The correction factor for the morphing model is defined by the deflated polynomial belonging to $R(m,z)$.
The pattern of poles in the $z$-plane provides a convenient visualization of how the morphing solutions differ from the exact solutions.

* Originally, Erlang assumed the call holding time, or mean service time $S$, was deterministic with unit period, $S=1$ [1,2]. The generalization to exponentially distributed service periods came later. Ironically, the exponential case is easier to solve than the apparently simpler deterministic case. That's why the M/D/1 queue is never the first example discussed in queueing theory textbooks.
† The derivation of the morphing model is presented in Section 2.6.6 of the 2005 edition of [4], although the word "morphing" is not used there. The reason is, I didn't know how to produce the exact result from it, and emphasizing it would likely have drawn unwarranted attention from Springer-Verlag editors. By the time I was writing the 2011 edition of [4], I was certain the approximate formula did reflect the morphing concept in its own right, even though I still didn't know how to connect it to the exact result. Hence, the verb "morphs" timidly makes its first and only appearance in the boxed text following equation 4.61.
‡ The relative error peaks at 10% for $m \sim 20$ and $\rho \sim 90\%$, then peaks again at 20% for $m \sim 2000$ and the servers running 99.9% busy. However, the rate of increase in peak error attenuates such that the maximum error is less than 25%, even as $m \rightarrow \infty$ and $\rho \rightarrow 100\%$. A plot of the corresponding curves gives a clearer picture. This behavior is not at all obvious. Prior to this result, it could have been that the relative error climbed to 100% with increasing $m$ and $\rho$.

References

A. K. Erlang, "Solution of Some Problems in the Theory of Probabilities of Significance in Automatic Telephone Exchanges," Electroteknikeren, v. 13, p. 5, 1917.
A. K. Erlang, "The Theory of Probabilities and Telephone Conversations," Nyt Tidsskrift for Matematik B, vol 20, 1909.
E. Chromy, T. Misuth, M. Kavacky, "Erlang C Formula and Its Use In The Call Centers," Advances in Electrical and Electronic Engineering, Vol. 9, No. 1, March 2011.
N. J. Gunther, Analyzing Computer System Performance with Perl::PDQ, Springer-Verlag, 2005 and 2011.
N. J. Gunther, S. Subramanyam, and S. Parvu, "A Methodology for Optimizing Multithreaded System Performance on Multicore Platforms," in Programming Multicore and Many-core Computing Systems, eds. S. Pllana and F. Xhafa, Wiley Series on Parallel and Distributed Computing, February 2017.
N. J. Gunther, "Numerical Investigations of Physical Power-law Models of Internet Traffic Using the Renormalization Group," IFORS 2005, Honolulu, Hawaii, July 11—15.
T. Bonald, J. W. Roberts, "Internet and the Erlang formula," ACM SIGCOMM Computer Communication Review, Volume 42, Number 1, January 2012.
C. Diaz Mendoza and R. Orive, "The Szegő curve and Laguerre polynomials with large negative parameters," Journal of Mathematical Analysis and Applications, Volume 379, Issue 1, Pages 305—315, 1 July 2011.

Saturday, October 8, 2016

Crib Sheet for Emulating Web Traffic

Our paper entitled, How to Emulate Web Traffic Using Standard Load Testing Tools (PDF) is now available online and will be presented at the upcoming CMG conference in November.

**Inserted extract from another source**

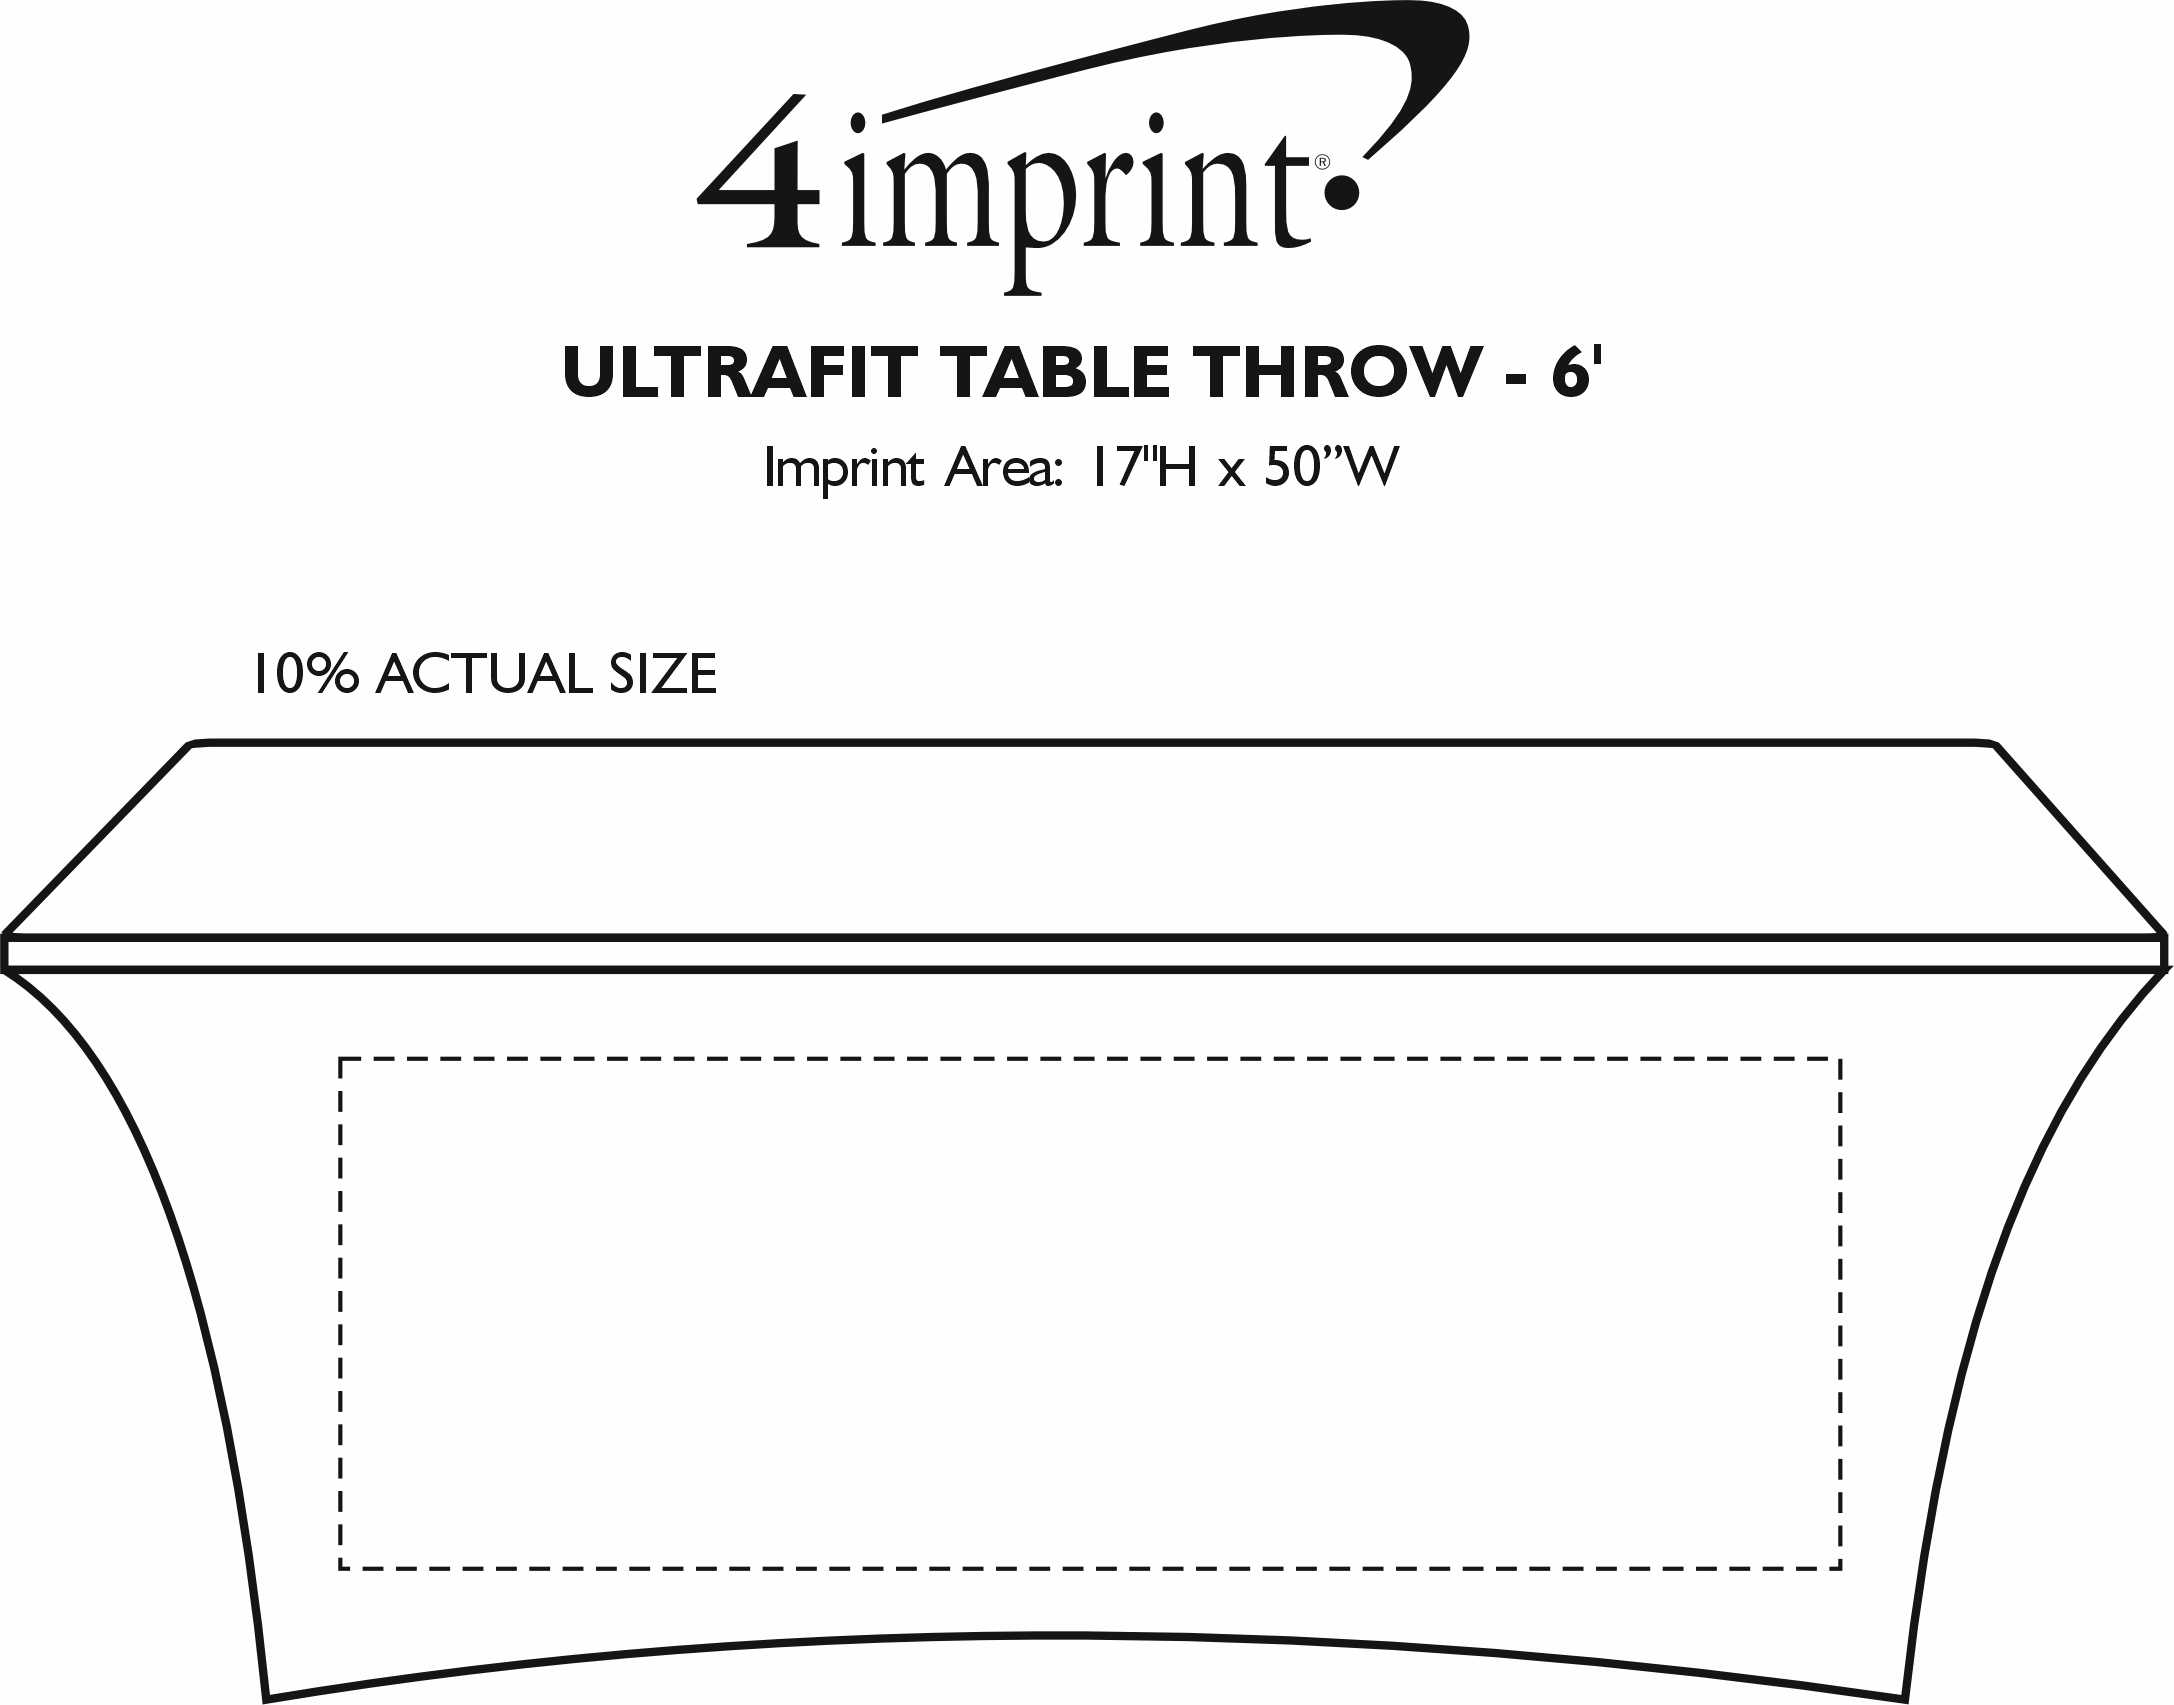 Imprint Area of Hemmed Closed-Back UltraFit Table Cover - 6'

Presenter: James Brady (co-author: Neil Gunther)
Session Number: 436
Subject Area: APM
Session Date: Wed, November 9, 2016
Session Time: 1:00 PM - 2:00 PM
Session Room: PortofinoB

Erlang Redux Resolved! (This time for real)

As I show in my Perl::PDQ book, the residence time at an M/M/1 queue is trivial to derive and (unlike most queueing theory texts) does not require any probability theory arguments. Great for Guerrillas! However, by simply adding another server (i.e., M/M/2), that same Guerrilla approach falls apart. This situation has always bothered me profoundly and on several occasions I thought I saw how to get to the exact formula—the Erlang C formula—Guerrilla style. But, on later review, I always found something wrong.

Although I've certainly had correct pieces of the puzzle, at various times, I could never get everything to fit in a completely consistent way. No matter how creative I got, I always found a fly in the ointment. The best I had been able to come up with is what I call the "morphing model" approximation where you start out with $m$ parallel queues at low loads and it morphs into a single $m$-times faster M/M/1 queue at high loads.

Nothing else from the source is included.